Question

(5.32) A company that owns and services a fleet of cars for its sales force has found that the service lifetime of disc brake pads varies from car to car according to a normal distribution with mean 55,000 miles and the standard deviation 4500 miles. The company installs a new brand of brake pads on 8 cars.

(a) If the new brand has the same lifetime distribution as the previous type, what is the distribution of the sample mean lifetime for the 8 cars

(b) The average of the pads on these 8 cars turns out to be 51,800 miles.
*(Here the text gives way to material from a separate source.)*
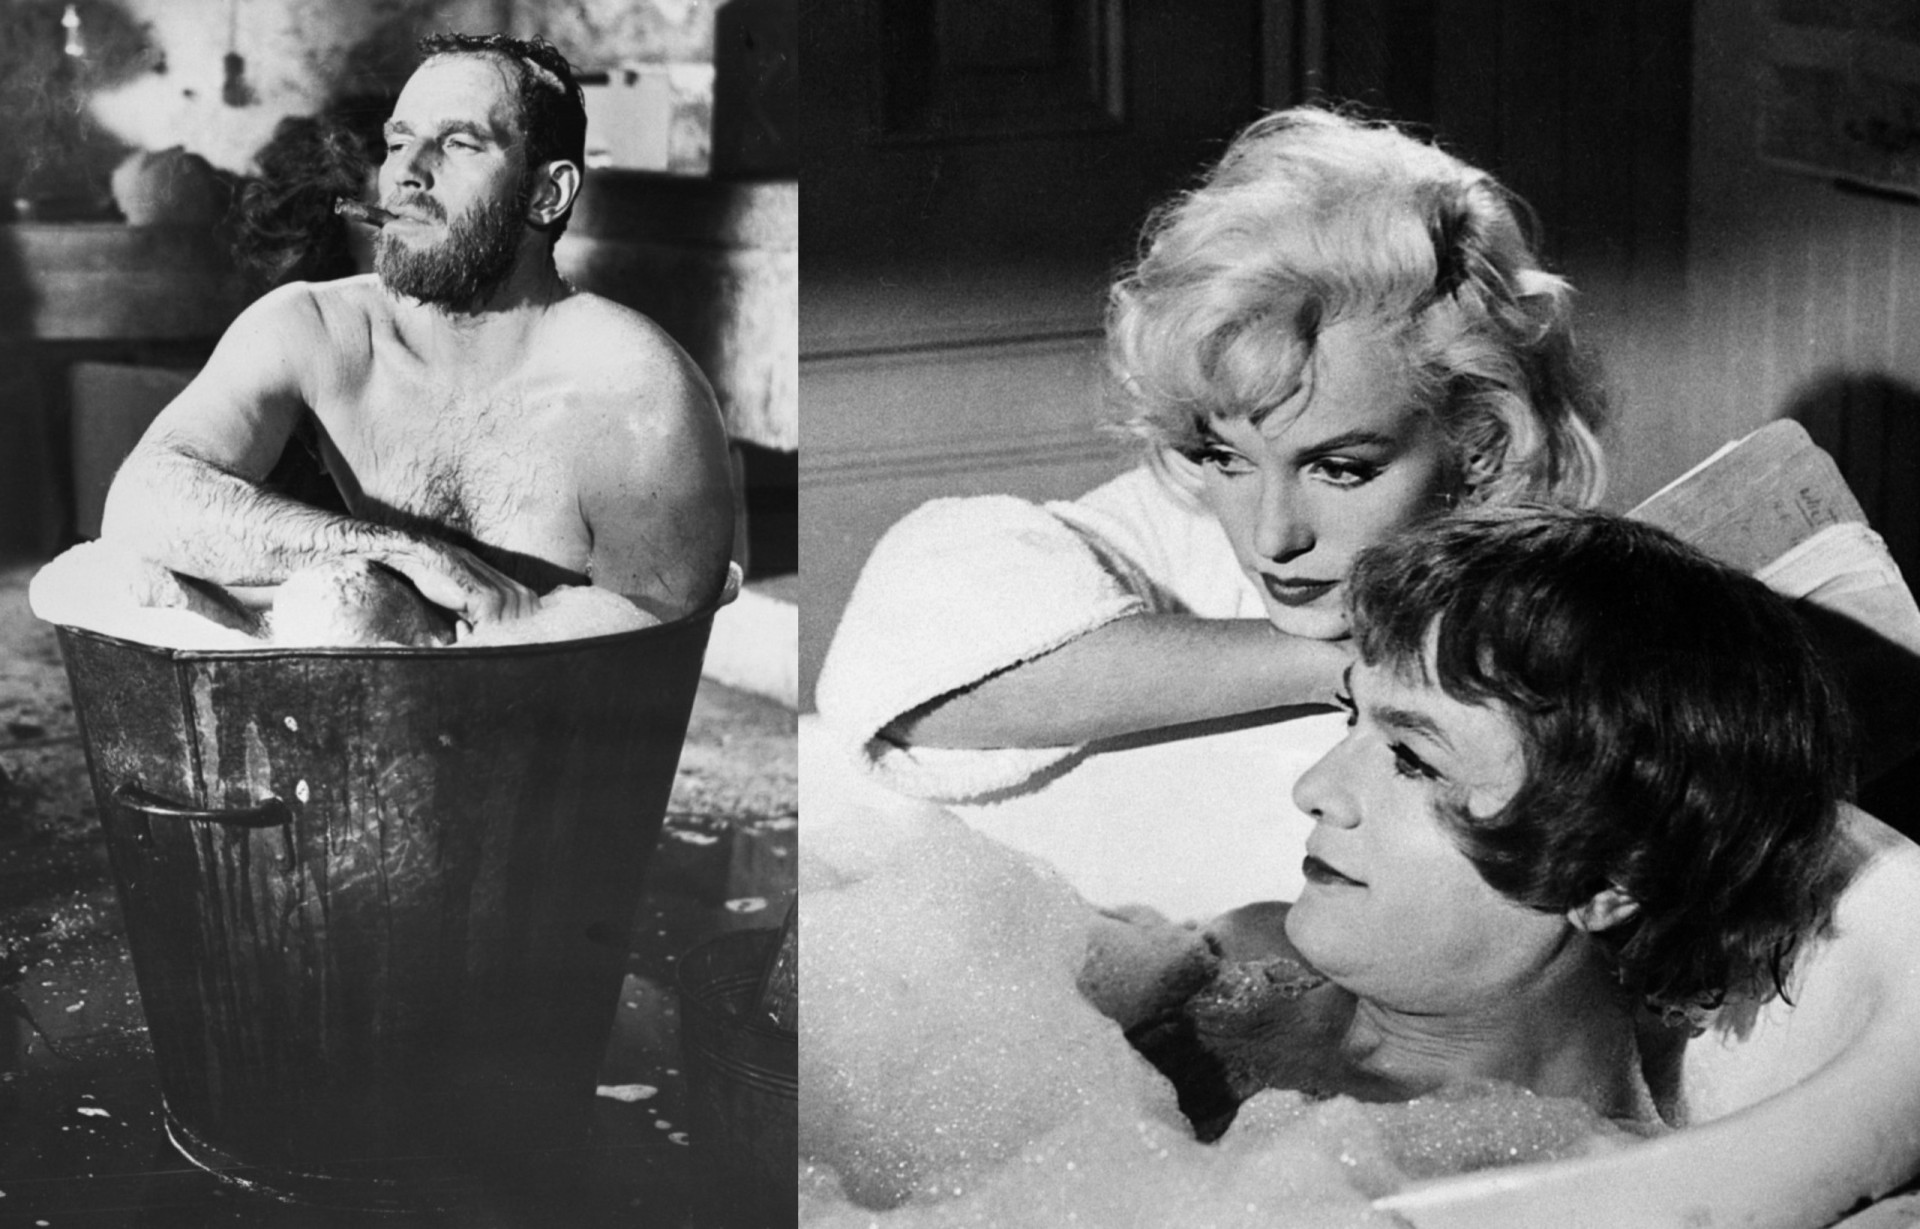 <p>The humble bathtub has proved a useful <a href="https://www.starsinsider.com/movies/472892/behind-the-scenes-stories-about-famous-movie-props" rel="noopener">prop</a> in numerous movies. In fact, some of the most endearing sequences in Hollywood history involve a hot tub or bubble bath, scenes where actors literally take the plunge and deliberately end up in hot water. But who's made the biggest splash in cinema?</p> <p>Click through and soak up this gallery of memorable bathtub moments.</p><p>You may also like:<a href="https://www.starsinsider.com/n/64251?utm_source=msn.com&utm_medium=display&utm_campaign=referral_description&utm_content=546036en-en"> These celebrities have some strange superstitions </a></p>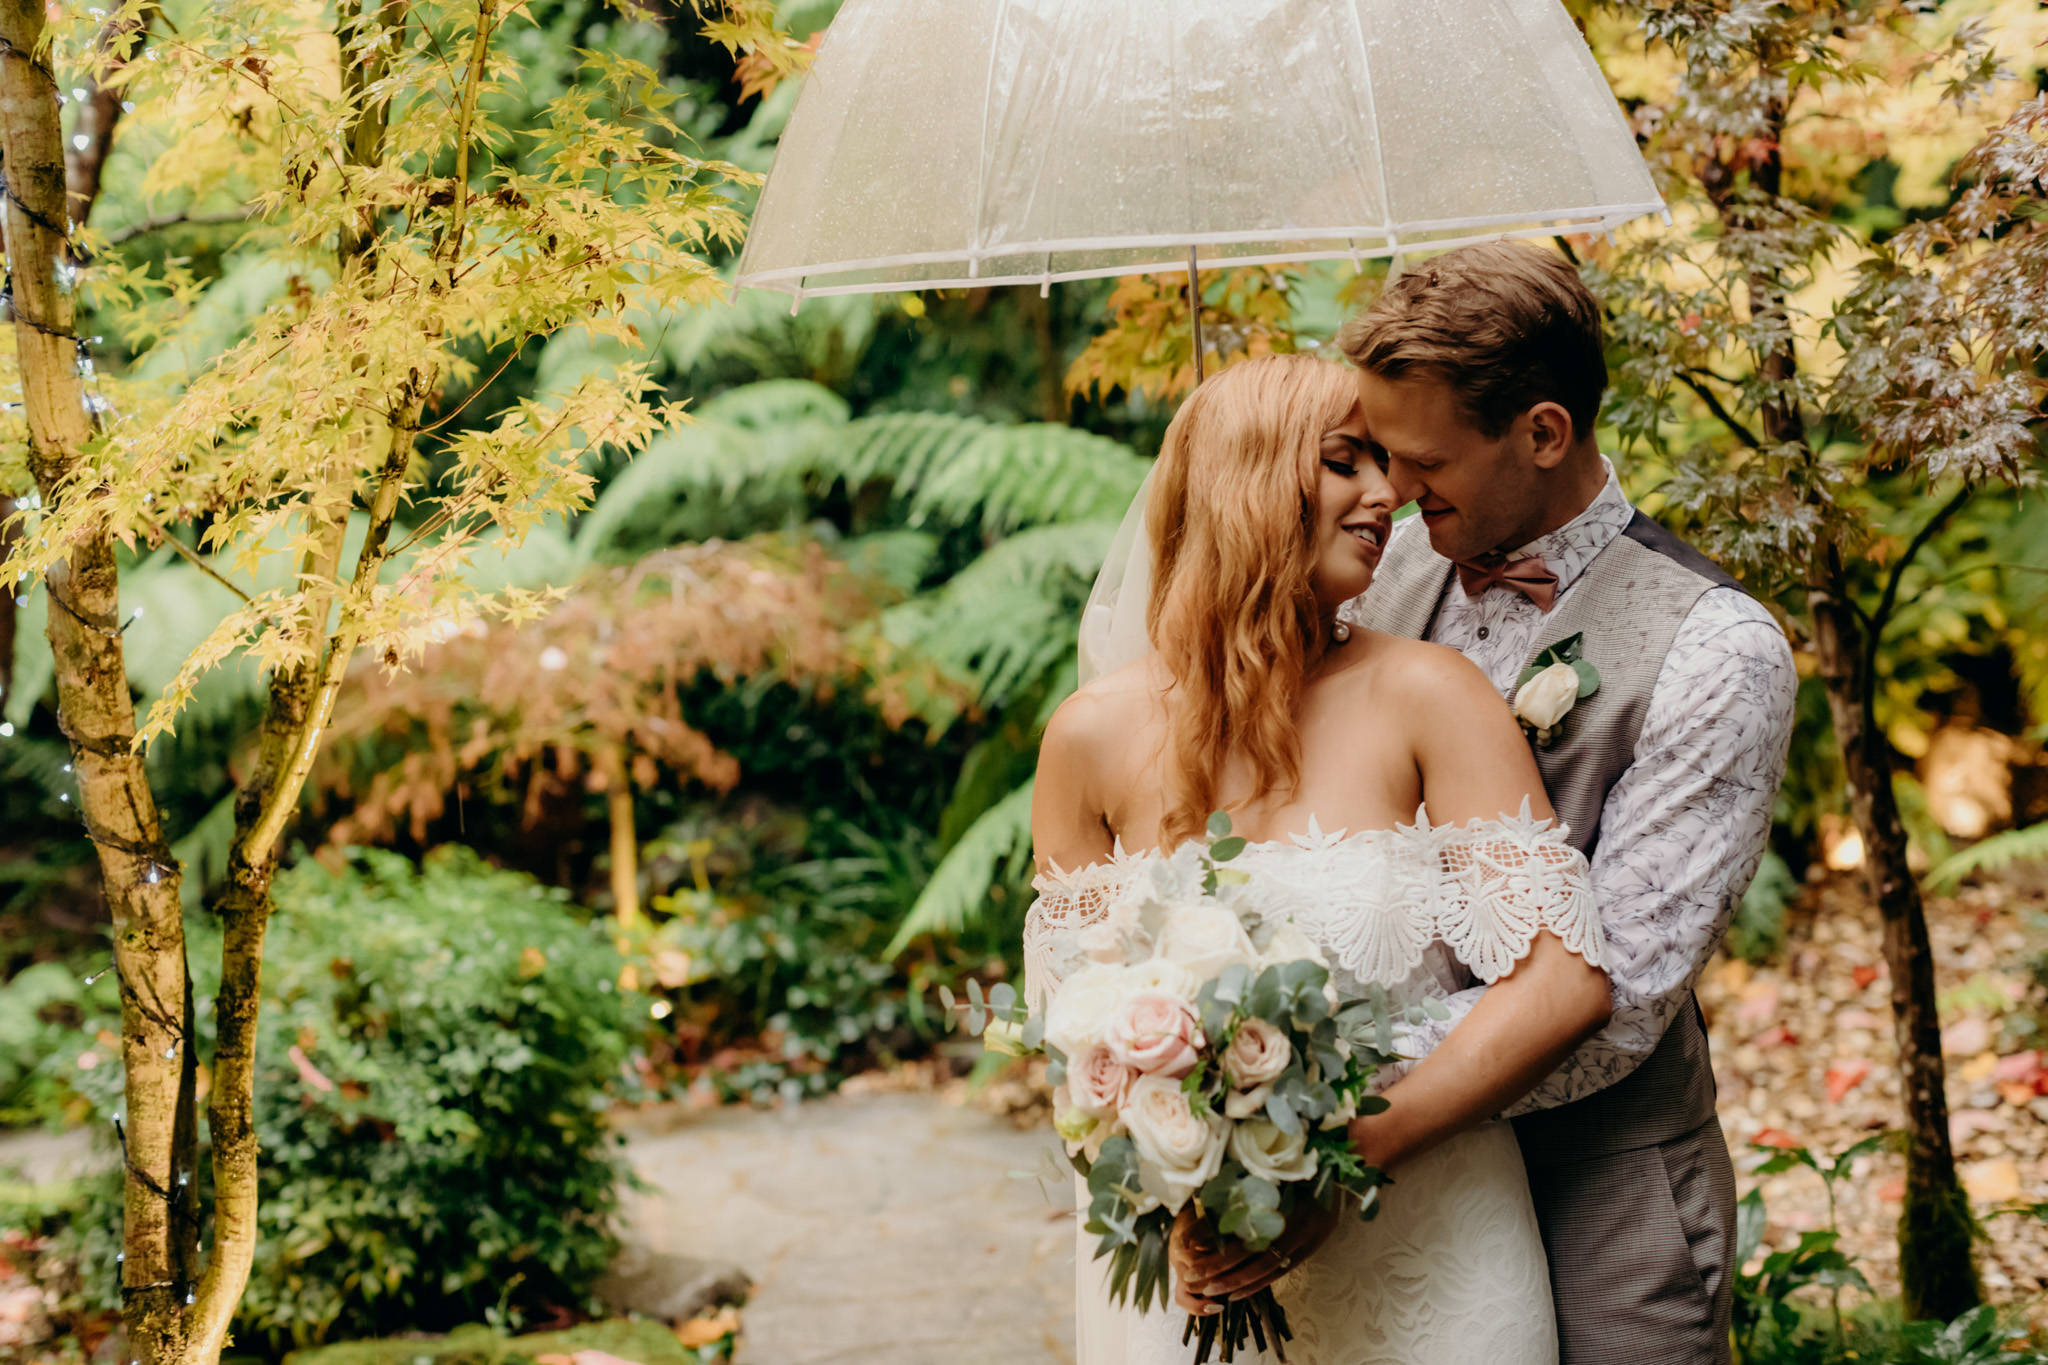 Lyrebird Falls Dandenong Ranges Wedding, classic and romantic, for Grace & Mike. Photos by T-One Image

What is the probability that the sample mean lifetime is 51,800 miles or less if the lifetime distribution is unchanged? The company takes this probability as evidence that the average lifetime of the new brand pads is less than 55,000 miles.

Answer 1

Suppose X is the random variable denoting the service lifetime of disc brake pads of a car.

So, X ~ N(55000, 4500²)

(a)

Now, we have to find the distribution of _{$\frac{1}{8}\sum_{i=1}^{8}X_i = \bar{X}$}

We know,

if X follows Normal distribution with mean $\mu$ and variance $\sigma^2$ , then $\frac{1}{n}\sum_{i=1}^{n}X_i$ follows Normal distribution with mean $\mu$ and variance $\sigma^2$ /n.

So, here n = 8.

So, $\frac{1}{8}\sum_{i=1}^{8}X_i = \bar{X}$ follows Normal distribution with mean 55000 and variance 4500²/8 = 2531250.

(b)

Now, the sample mean is turned out 51800.

So, the required probability is P[ _{$\bar{X} \le 51800$} ] = 0.02214552. [Using R code pnorm(51800,55000,sqrt(2531250))]